Perfect timing for this lesson and smith and the UCP are coming to the end of the 6 month moratorium, they need to put the hammer down.
Story Tip: https://cliffmass.blogspot.com/2024/01/the-cold-truth-about-renewable-energy.html
Similar to this article.
Ironically, Alberta is the land of fossil fuels – natural gas in abundance with increasing use for generating electricity, coal – long used for generating electricity (you can see one plant on a lake west of Edmonton near H16), and oil (used in rural areas along with propane).
IMO this is not a solar-wind story, especially as the day is short this time of year but Calgary was windy.
I see it as a story of utility not planning for colder than normal temperatures which do occur just not every year – -26C in Calgary. (I grew up north where -40C occurred in the 1950s.)
And adjacent provinces having very cold weather at the same time, BC and SK were able to help out some.
Asking people to conserve – notifications via cellular telephone – that helped, and if needed cutting off industrial facilities that had interruptable contracts.
There was some wind but they shut them down below -30c.
As always, absent when you need them most.
Cliff Mass Weather Blog: The Cold Truth About Renewable Energy in the Pacific Northwest
(While it was windy in Calgary, often air is still when quite cold.)
AB also had two NG generating plants with problems.
Two plants with problems is called normal.
100% of renewables at zero output is also normal.
Our situation here is quite simple.
We elected the NDP in 2015, just before Trudeau was elected as PM.
The NDP initiated a policy of shutting down old coal plants and converting newer ones to gas.
And then heavily into renewables while building little new dispatchible generation.
As out lined by Enmax executive Jason Doering on his Substack, we had 3 level 3 alerts from 2006-2017, since the renewables started coming online in 2017 we had 10 in 12 months, now we’ve had 3 in 3 days.
Straight line references don’t get much easier
https://jasondoering.substack.com/p/frequent-alberta-power-system-energy
In these winter systems all the renewables go to zero for days, but the predictable answer is we just need more useless renewables.
We are only weeks from the end of the moratorium on renewables approval, this incident couldn’t have come at a better time, only the most blinkered activist idiot can still claim more renewables would save us, they won’t change but now the average person sees better.
Yet another proof that we cannot rely on renewables, particularly during the winter.
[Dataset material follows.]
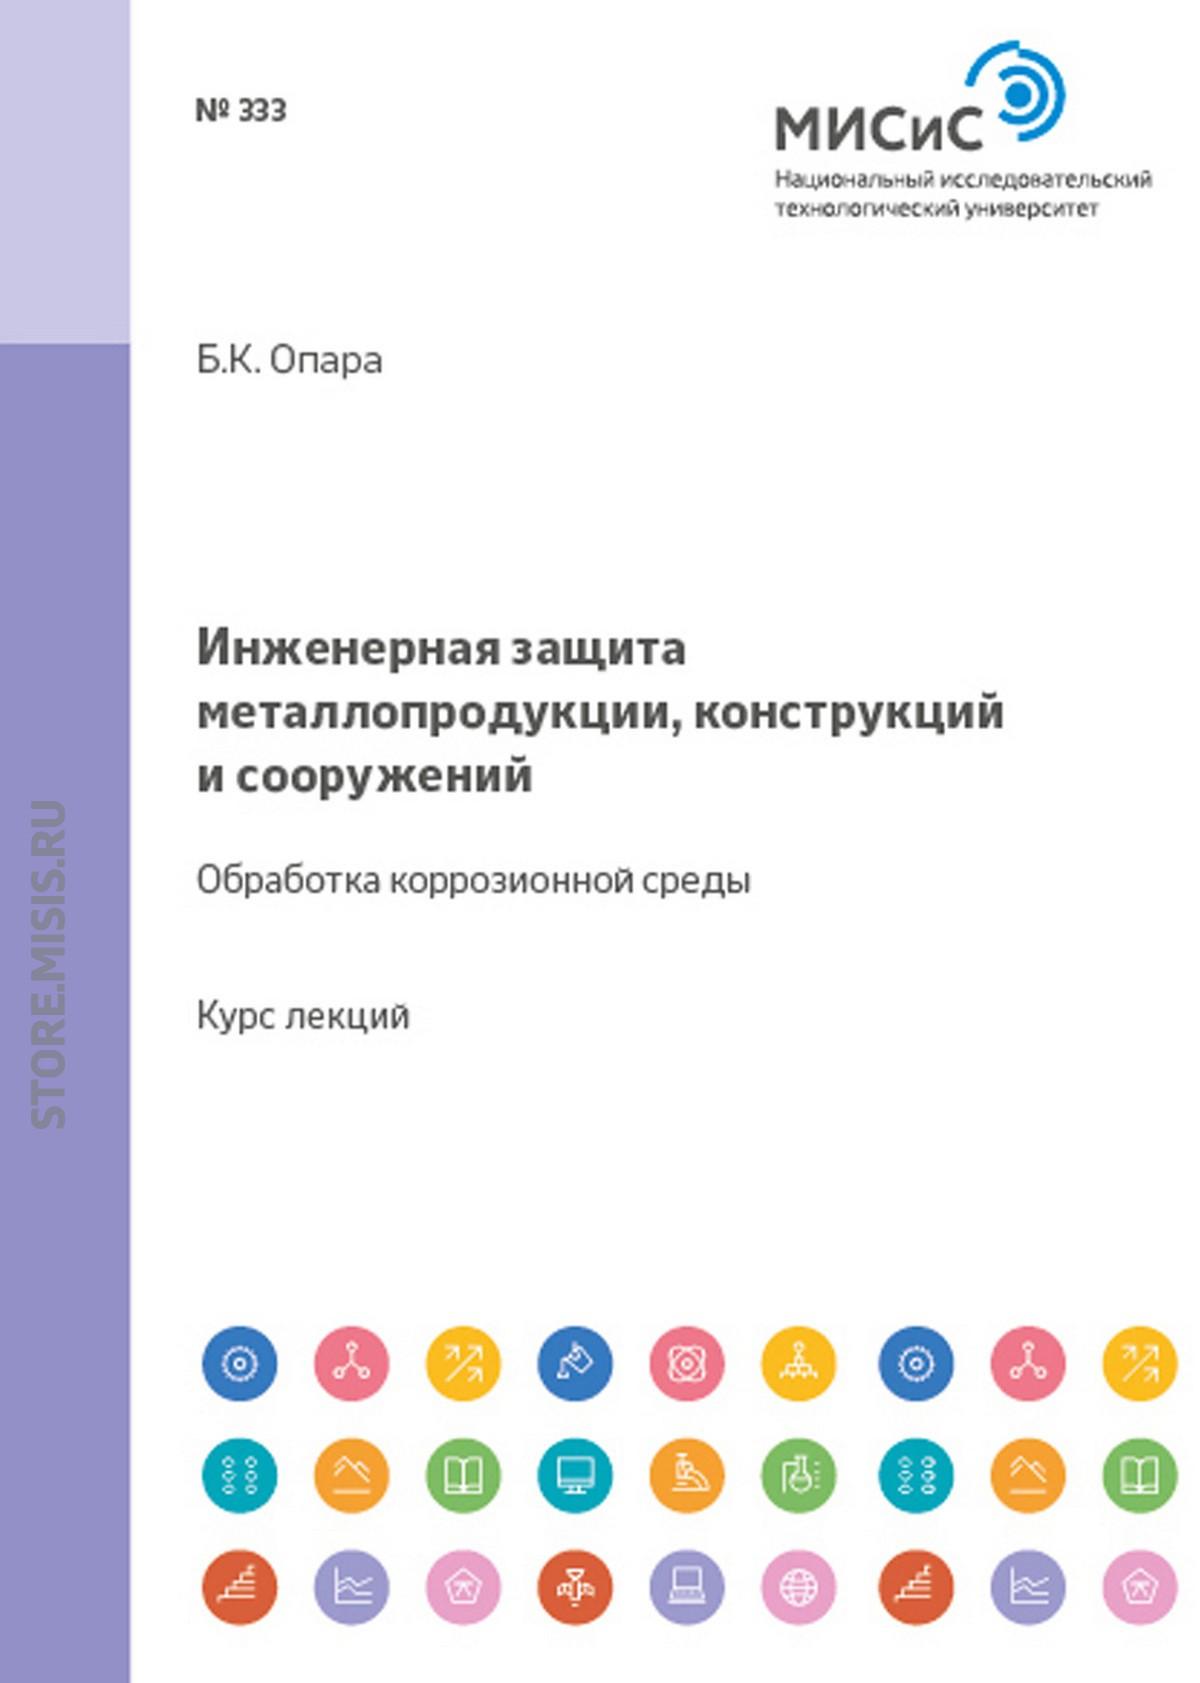 Борис Опара Инженерная защита металлопродукции, конструкций и сооружений. Обработка коррозионной среды

But the die-hard renewable proponents will still push for an ever greater percentage of renewables. That’s because they want the rest of us to die hard, i.e. freeze to death.
Dissenters on X argued that the power contributed by British Columbia was ignored;
however, as the power they contributed was primarily from hydroelectric dams, the criticism
of solar and wind remains entirely justified.